_Problem details_.
Repeat the data that follows exactly, starting at the line with "An example of" and ending at the line with "VIDEO CARD USB", and leave out every picture.

_Records supplied_.
====================
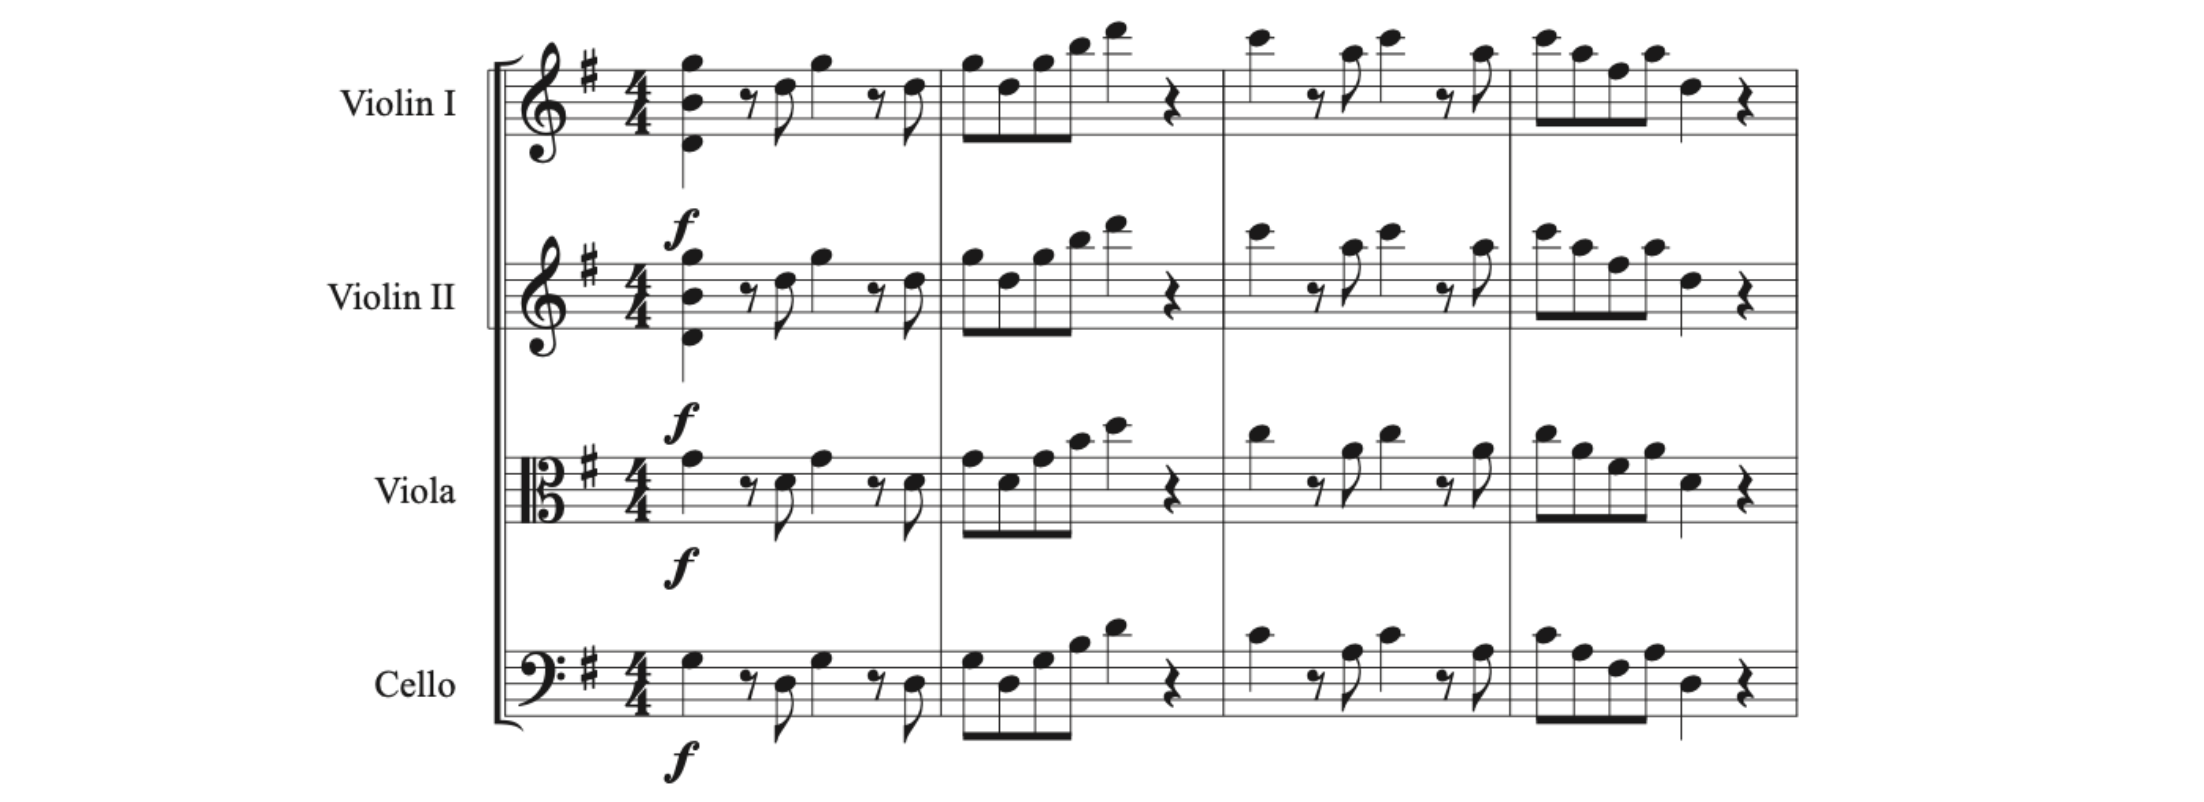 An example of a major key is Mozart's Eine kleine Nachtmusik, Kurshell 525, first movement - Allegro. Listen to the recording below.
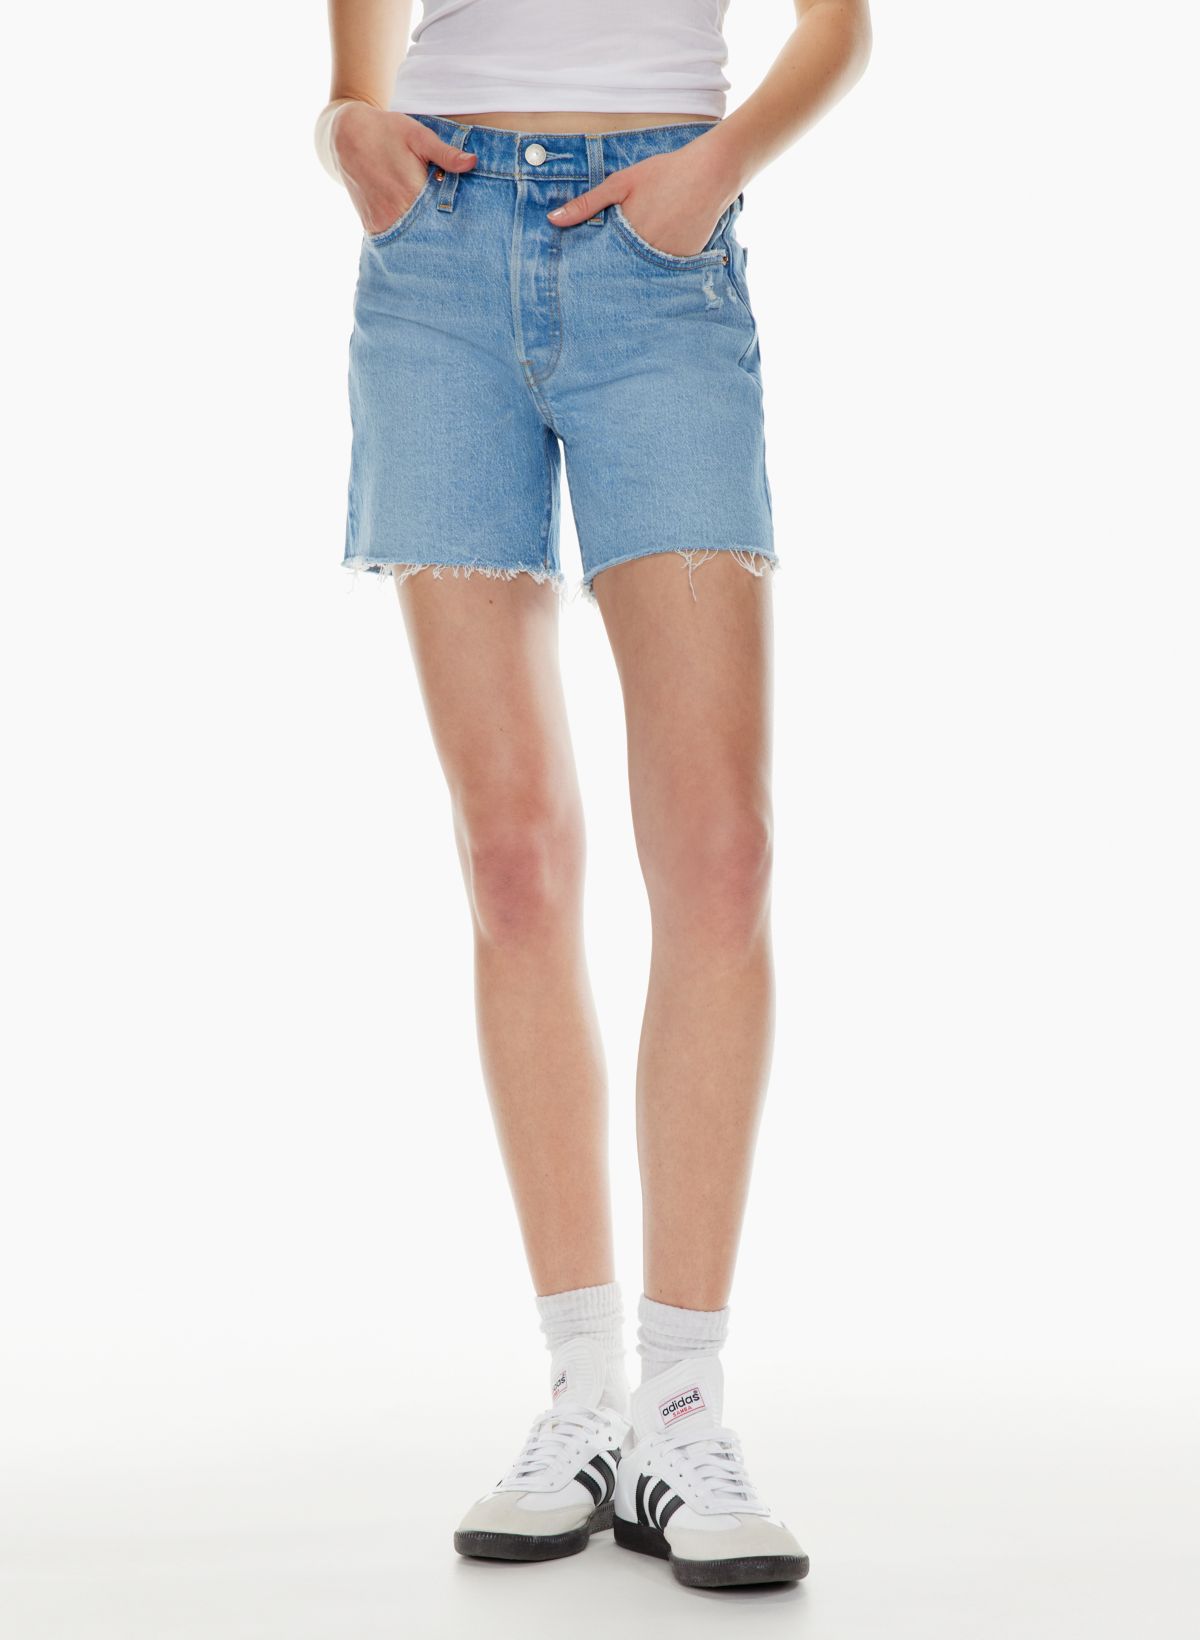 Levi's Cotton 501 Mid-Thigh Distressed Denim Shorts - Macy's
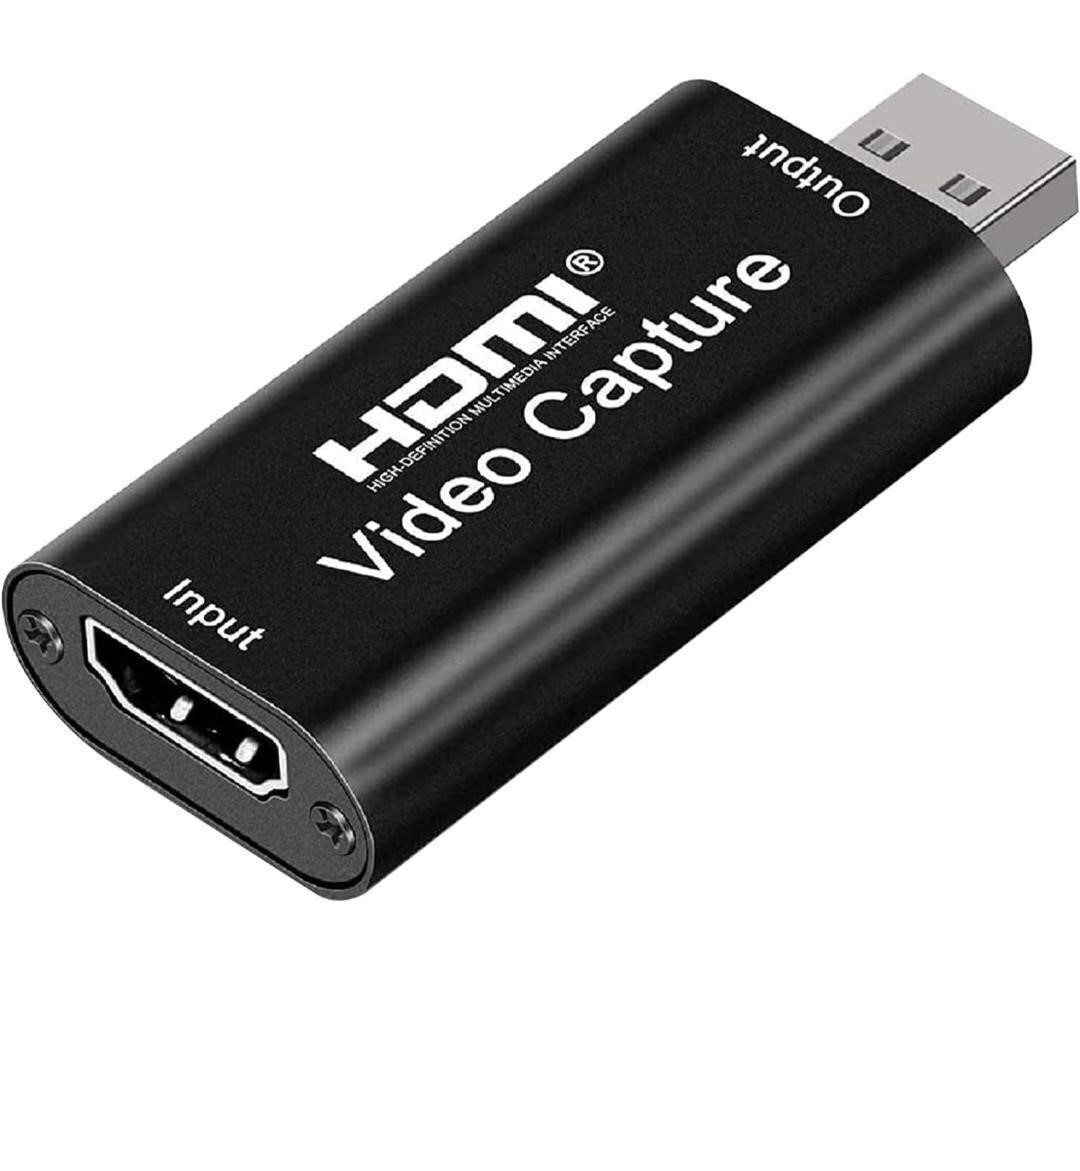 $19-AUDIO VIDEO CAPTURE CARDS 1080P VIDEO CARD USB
====================
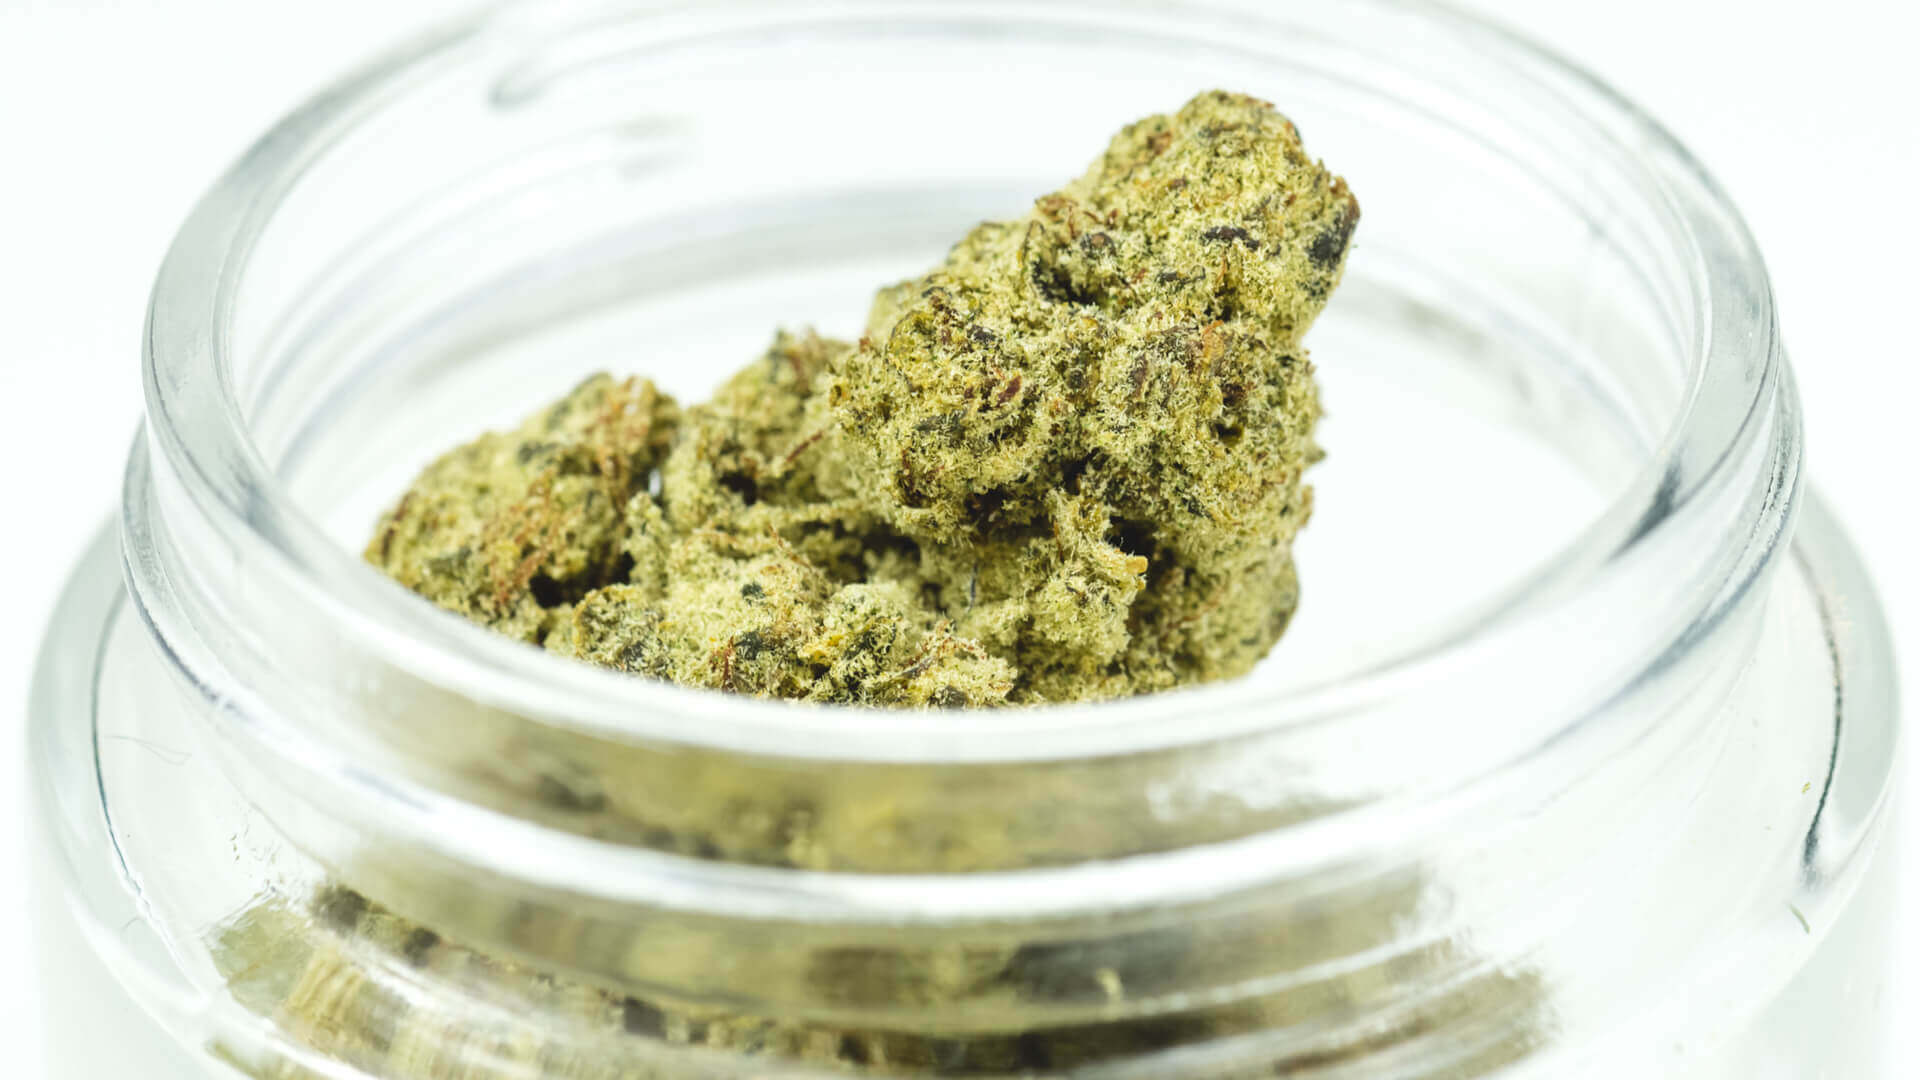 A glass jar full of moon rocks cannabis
====================
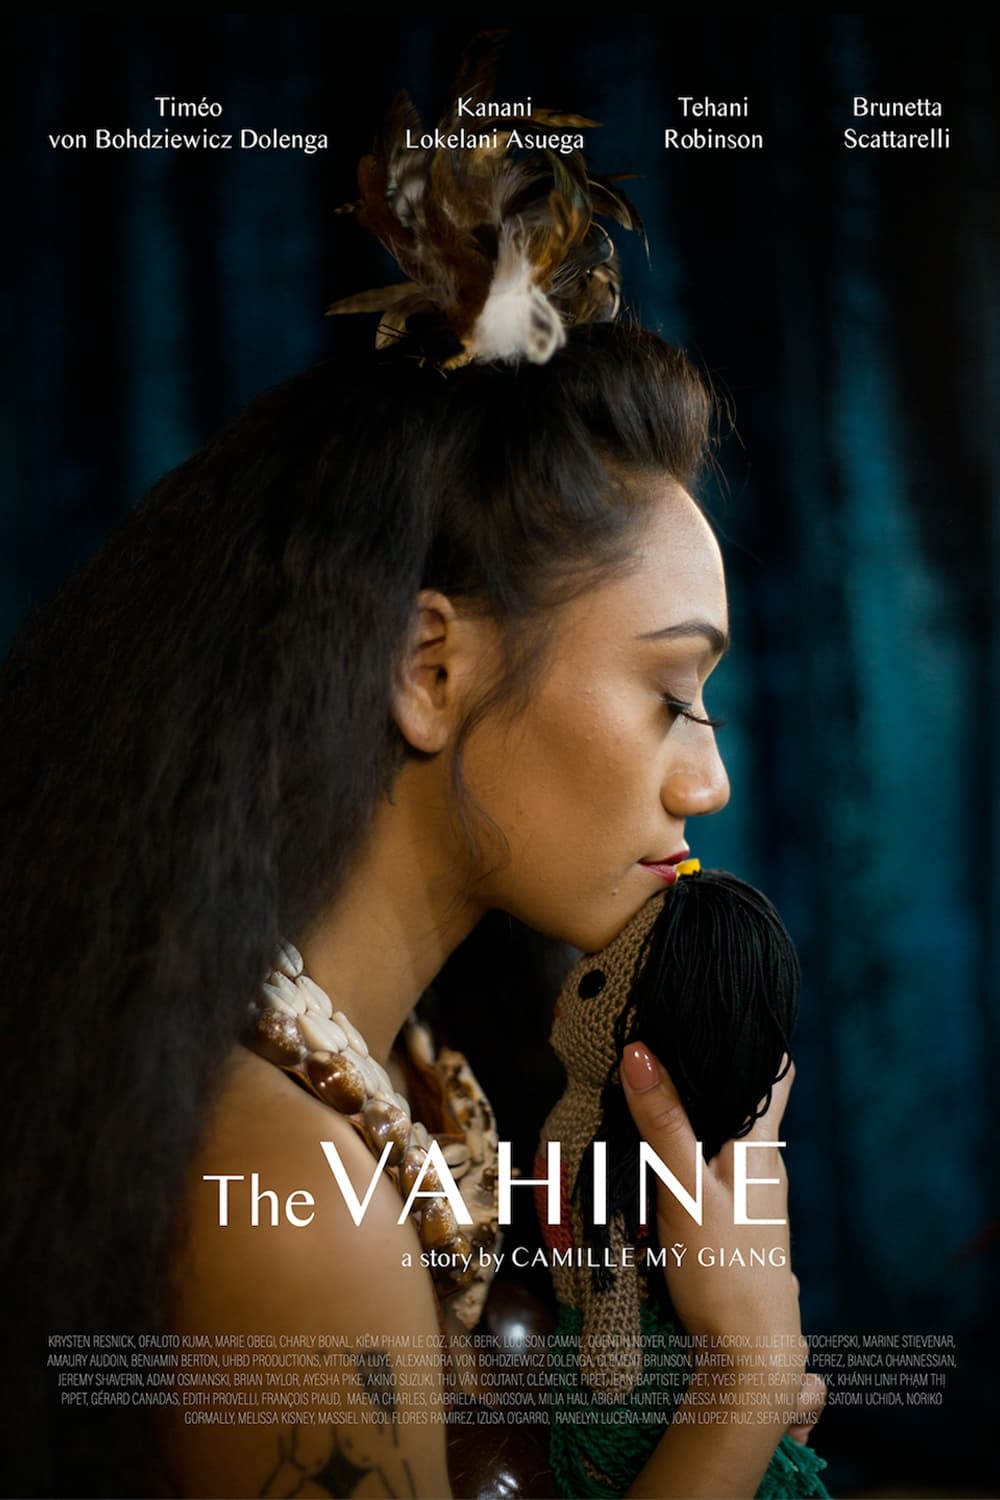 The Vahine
====================
_Exercise answer_.
 An example of a major key is Mozart's Eine kleine Nachtmusik, Kurshell 525, first movement - Allegro. Listen to the recording below.
 Levi's Cotton 501 Mid-Thigh Distressed Denim Shorts - Macy's
 $19-AUDIO VIDEO CAPTURE CARDS 1080P VIDEO CARD USB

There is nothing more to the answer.